> Source data
================================

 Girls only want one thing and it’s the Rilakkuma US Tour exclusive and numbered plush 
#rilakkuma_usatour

================================

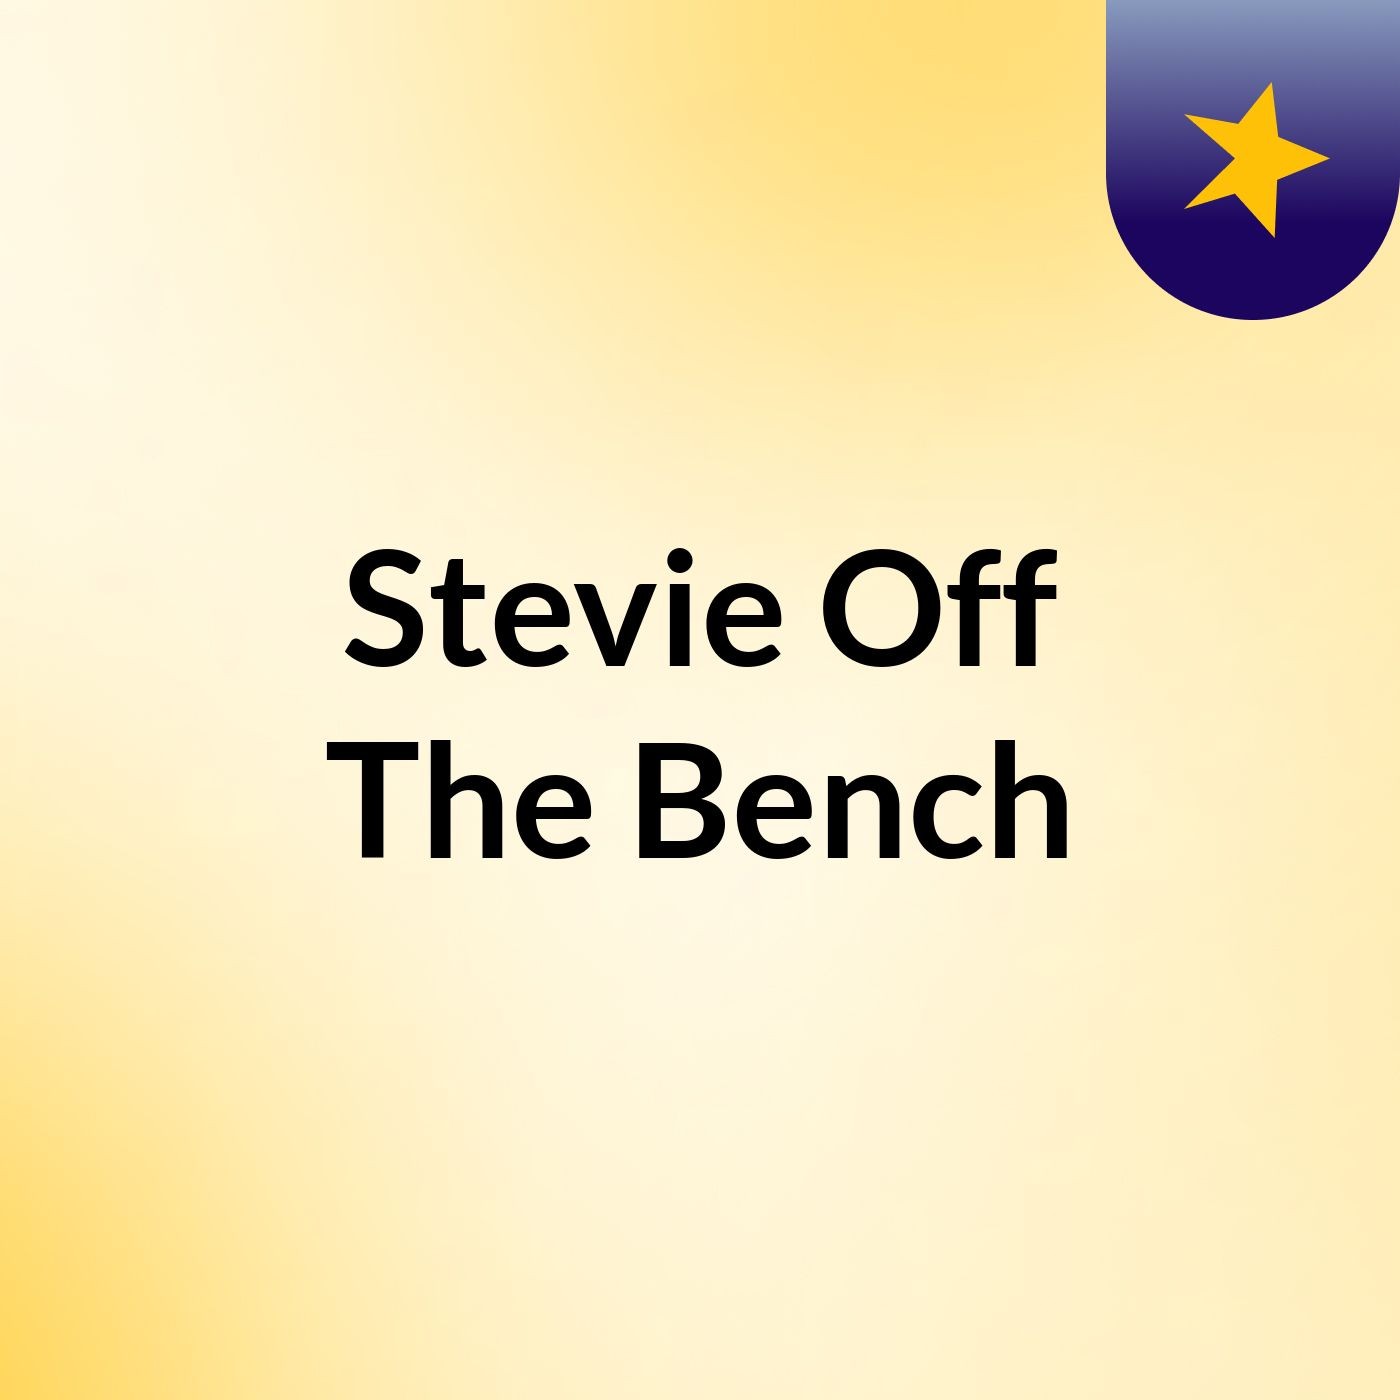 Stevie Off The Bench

================================

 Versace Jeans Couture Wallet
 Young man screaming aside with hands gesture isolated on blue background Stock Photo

================================

> Your task
There is a line with "Girls only want" and a line with "#rilakkuma_usatour" above. Copy exactly those two lines and all lines between them, with nothing else.

> Result for this exercise
 Girls only want one thing and it’s the Rilakkuma US Tour exclusive and numbered plush 
#rilakkuma_usatour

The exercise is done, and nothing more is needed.